What we see in the dashboards is not simply climate ambition but the political attractiveness of EVs. For oil-rich states like the UAE, electrification can co-exist with continued fossil fuel exports. For countries like Dominica and the Bahamas, citing electrification in NDCs signals alignment with global discourses—even when the practical infrastructure (charging networks, grid stability) is limited.
Thus, while electrification is important, its prominence in NDCs reflects a narrow technological optimism rather than a comprehensive mobility strategy.
Transport System Improvements
At 17.19%, transport system improvements represent a middle ground, cited by 69 countries. The leaders—Sri Lanka, Bangladesh, Suriname, Azerbaijan, and Canada—suggest a mix of developing and developed contexts.
This category is perhaps the most pragmatic, encompassing investments in logistics efficiency, better infrastructure integration, and improved urban transport systems. Unlike mode shift (which focuses on behavioural change) or electrification (focused on vehicles), system improvements address the efficiency of existing networks.
Yet here too the risk is superficiality. Improvements are frequently listed in NDCs as catch-all solutions—modernising fleets, digitalising logistics—without detail on scale, funding, or regulation. For instance, “improved freight logistics” can mean anything from digital apps to massive rail investment. The ambiguity makes it difficult to hold countries accountable.
A further critique is that system improvements are often donor-driven, especially in developing countries where international development banks finance transport modernisation projects. This risks producing NDCs that reflect external financing pipelines rather than locally prioritised needs.
Energy Efficiency
Energy efficiency appears in 14.92% of measures, with 78 countries referencing it. The leaders—Morocco, Suriname, Azerbaijan, Bangladesh, and Colombia—illustrate its adoption across diverse regions.

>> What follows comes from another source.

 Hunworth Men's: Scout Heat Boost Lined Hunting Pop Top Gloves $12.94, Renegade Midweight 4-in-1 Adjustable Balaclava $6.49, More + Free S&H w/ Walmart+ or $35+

Energy efficiency is notable because it is simultaneously commonsensical and marginalised. Few would argue against reducing fuel consumption through improved vehicle standards or maintenance. Yet its relatively low share suggests that efficiency is less politically visible compared to EVs or alternative fuels.
One explanation is that efficiency lacks the symbolic capital of new technology. Unlike EVs, which can be showcased as innovation, efficiency often requires regulatory enforcement (fuel economy standards, inspections) that challenge entrenched industry interests. In many developing countries, weak enforcement capacity makes efficiency commitments aspirational at best.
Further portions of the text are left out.